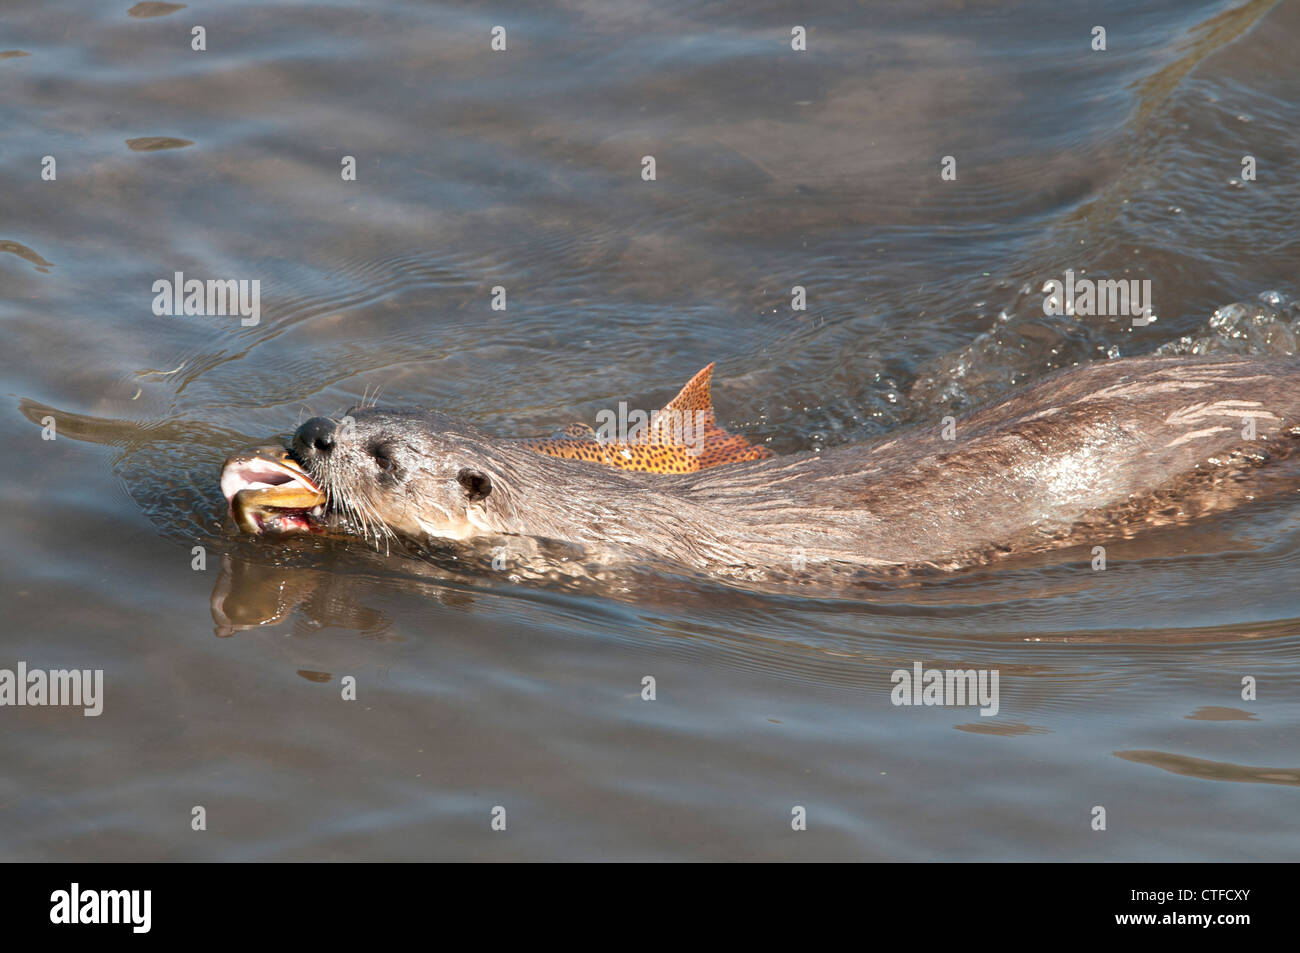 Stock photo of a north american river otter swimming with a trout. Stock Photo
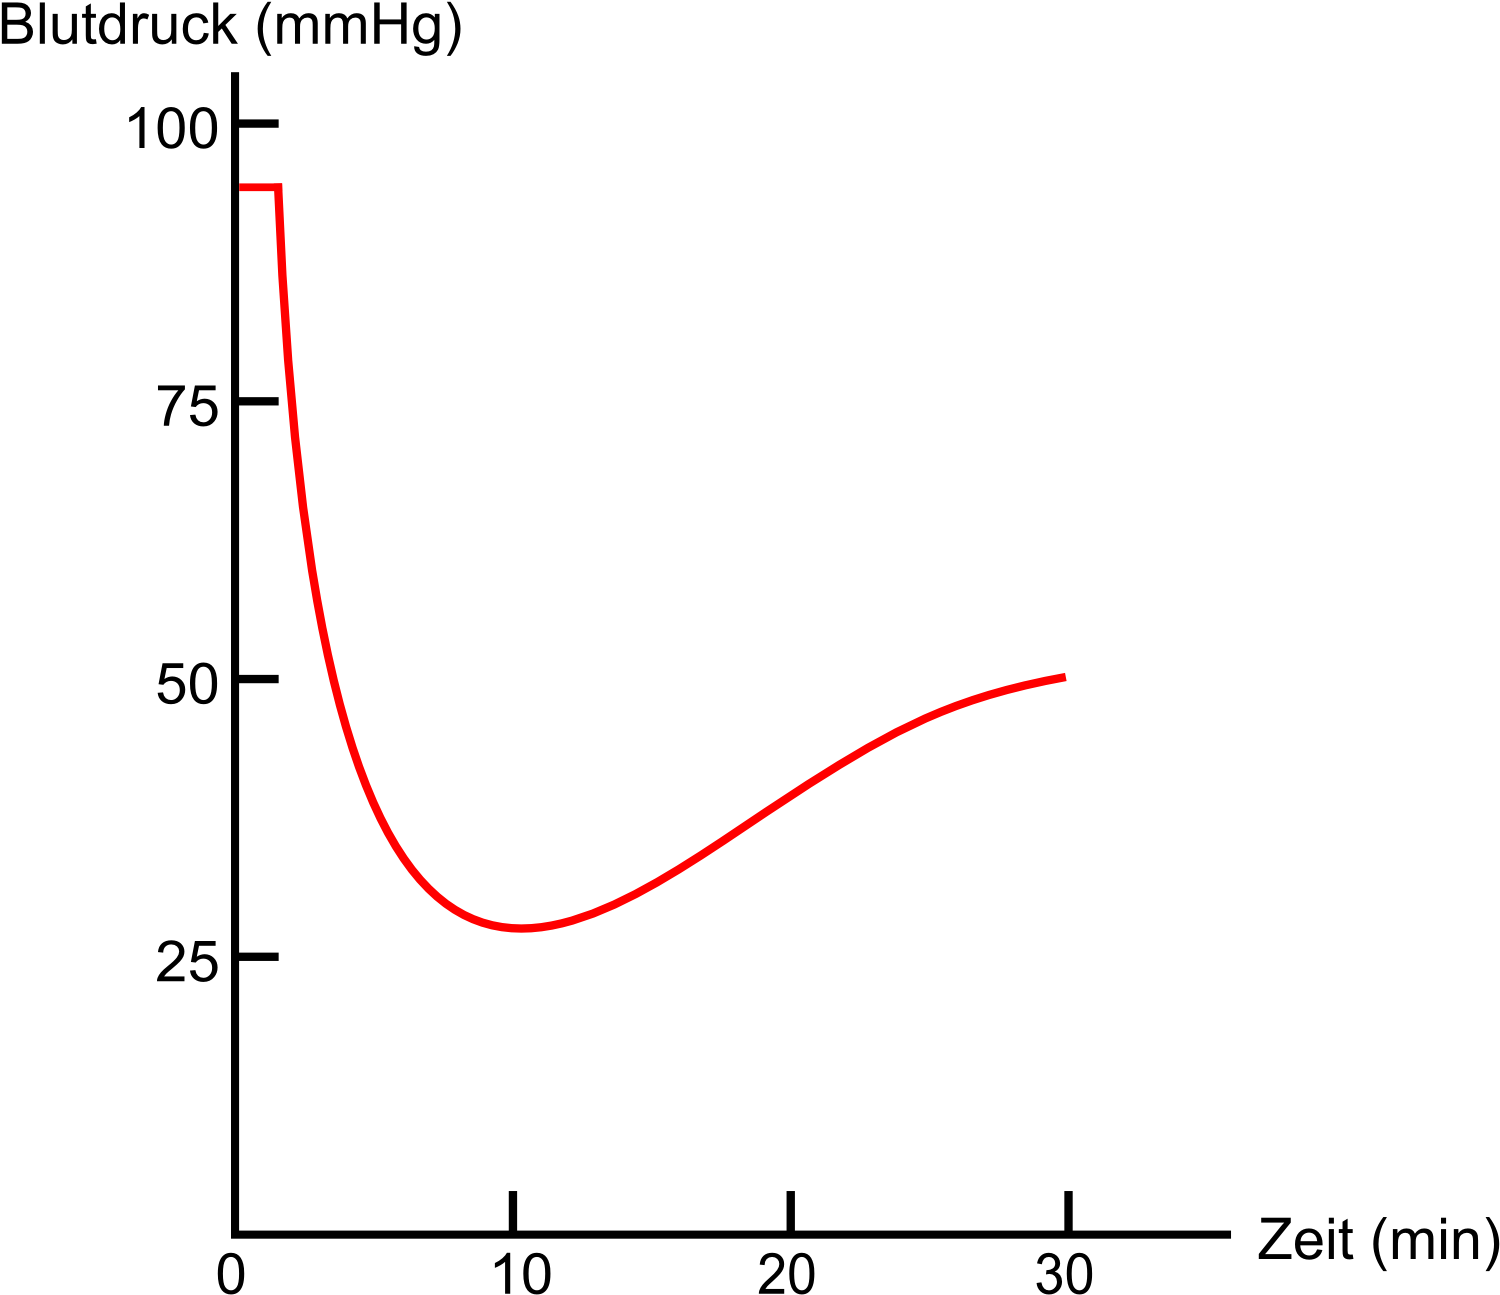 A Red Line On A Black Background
--
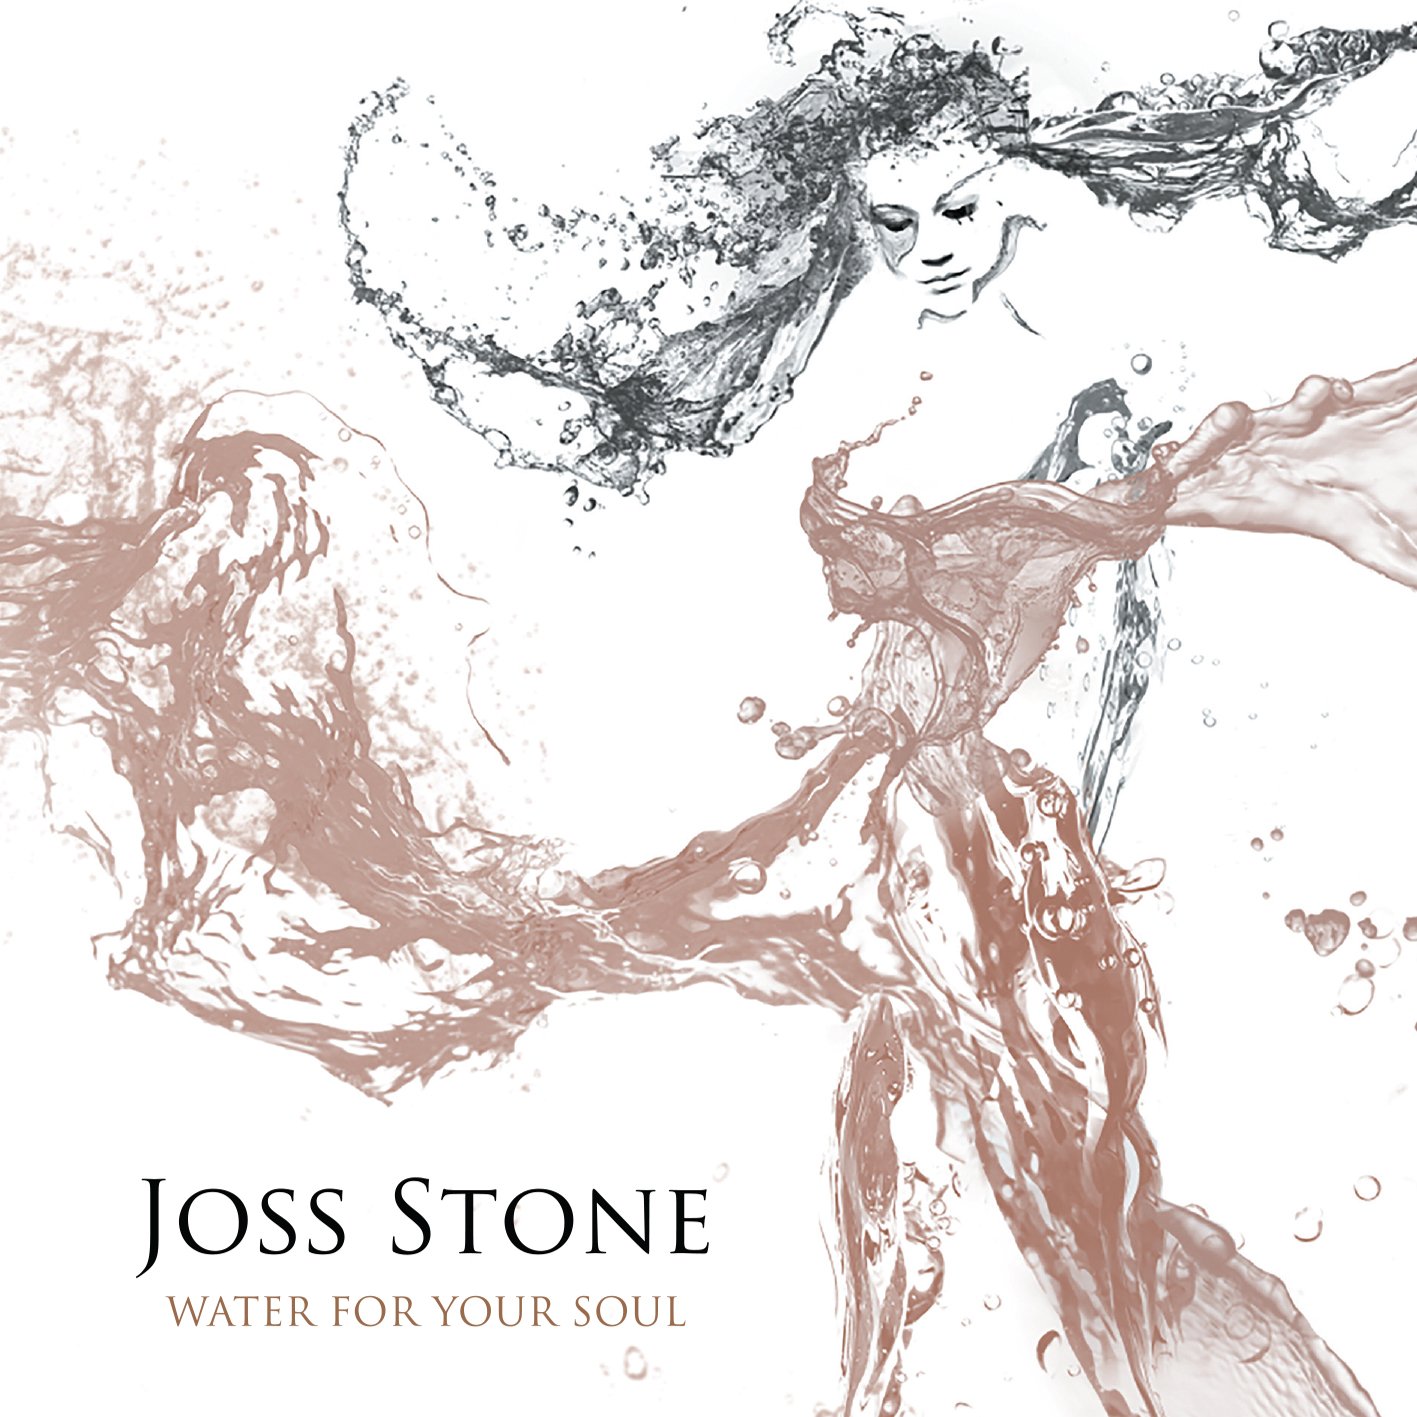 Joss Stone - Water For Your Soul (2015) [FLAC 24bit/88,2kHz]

▶ **Exercise requirements**
Above are some entries; copy exactly the lines from the line with "Stock photo of" through the line with "A Red Line On A Black Background", both included, but none of the pictures.

▶ **Result for this exercise**
 Stock photo of a north american river otter swimming with a trout. Stock Photo
 A Red Line On A Black Background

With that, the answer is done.